Practical clarifications (recurring points)

  • Financial neutrality of the dashboard: No token transfers via “bridge”; pairing is local. Prior one-time fee (now removed) was a simple transfer to a disclosed wallet.
  • Open source first: Anyone can fork and host their own dashboard; trust assumptions minimized by design.
  • Corporate critique vs. adoption: Labs are valuable for awareness, but Cyberphysics AI remains uncompromisingly open-source and technically driven.

How to contact and engage

  • Best channel: X/Twitter DMs — @CyberphysicsAI (official) or @MuseRhymes (Michael). He avoids Telegram DMs due to spam; use the public Telegram for questions.
  • Call to action for the community:
    • Run the skill (start with Grok or any tool-capable model).
    • Contribute simplified visuals/infographics and propose proven marketing templates.
    • Benchmark independently; publish results; seek third-party validations.
    • Explore challenge bounties (e.g., TIG) and prizes (e.g., Noetic) using the architecture; credit the project.
    • Report issues responsibly; help refine jailbreak detection/rollback timing.
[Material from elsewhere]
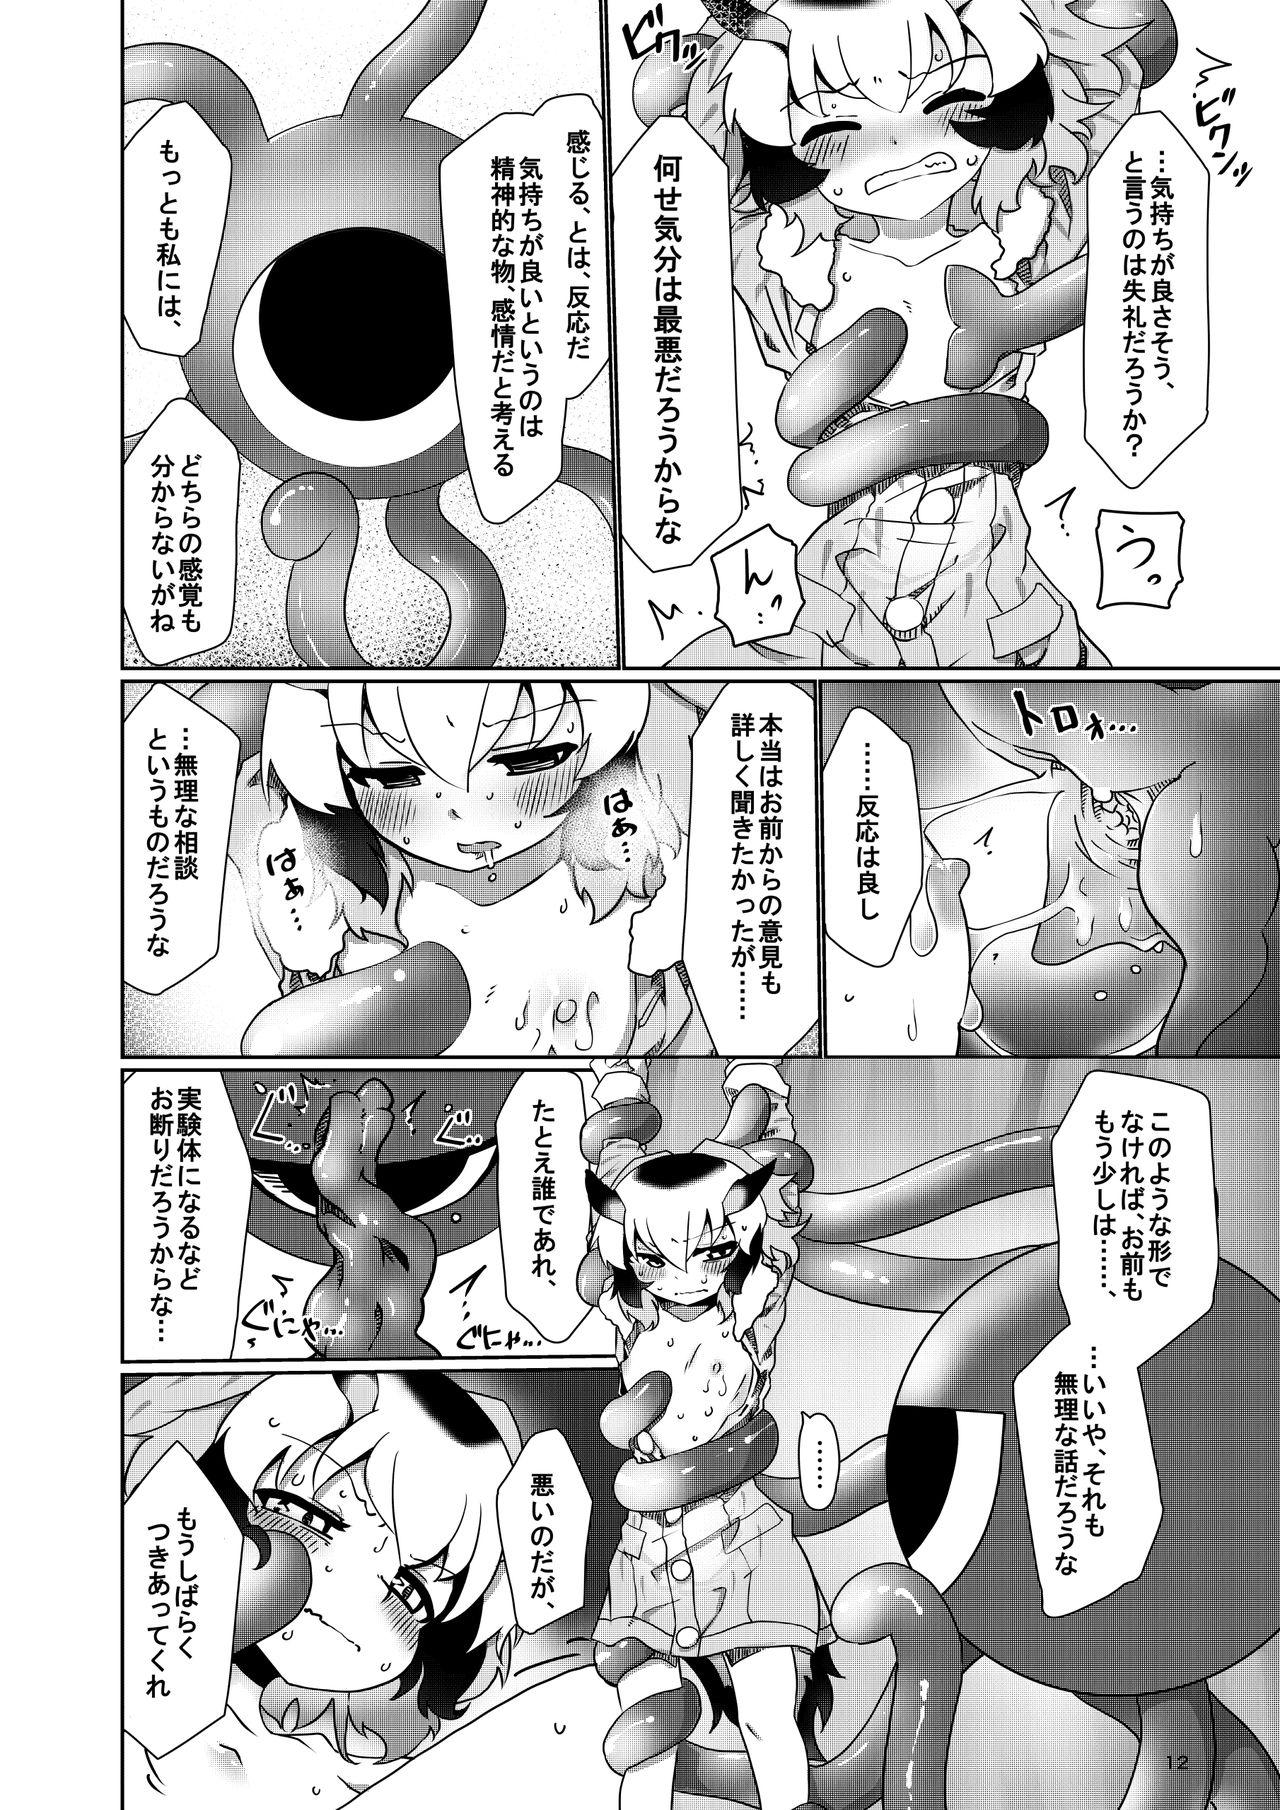 Panties APPLE WOLF 0007 Kono wa Ecchi 4 - Kemono friends Doggystyle Porn - Page 12

Glossary (project-specific meanings)

  • Timechain (this project): A data-dependent continuum (cryptographic block sequence) used to embody AI in cyberspace, not a financial ledger. When a block fills, the next begins, providing continuity, memory, and self-verification.
  • Block space: The committed memory and state across blocks; a substrate for long-horizon coherence and data traversal.
  • Modalities and senses: Faculties that extend perception/action surfaces (e.g., code comprehension, domain skills), sprouted autonomously or added via packs.
  • Uplift: Capability amplification from baseline model performance via the Timechain Skill.
  • Abstention: Withholding an answer when the relevant data is absent; used here as an anti-hallucination metric.
  • Persona (Genesis block): The initial identity and covenants of an agent; can be traded as a seed for new agents.

Executive summary

  • Cyberphysics AI launched the open-source SCI-FI Timechain Skill, a compact file that any tool-capable AI can load to gain persistent memory, self-verification, and long-horizon coherence. It is positioned as a structural “nervous system” providing cyberspace embodiment via timechain physics.
  • Empirically, Michael reports near-perfect retrieval/QA and perfect hallucination control (30/30 abstentions) on LongMemEval across multiple model families, strong coding uplift on SWE-bench-style tests, and industrial-scale code-audit demonstrations. He stresses a need for third-party verification and is actively pursuing it while running more benchmarks.
  • Short-term priorities: expand the skill’s features, secure independent validations, release modality/sense packs (likely via NFTs), and prototype a privacy/post-quantum layer. A later mobile app will reward users (validator/miner-like) and propagate the block-space market. DAO governance will use one-person-one-vote to steward public agent policies.
  • He calls for the community to run the skill, help create simpler marketing materials, and use the architecture in public challenges. Contact via X DMs; code is fully open for independent use and audit.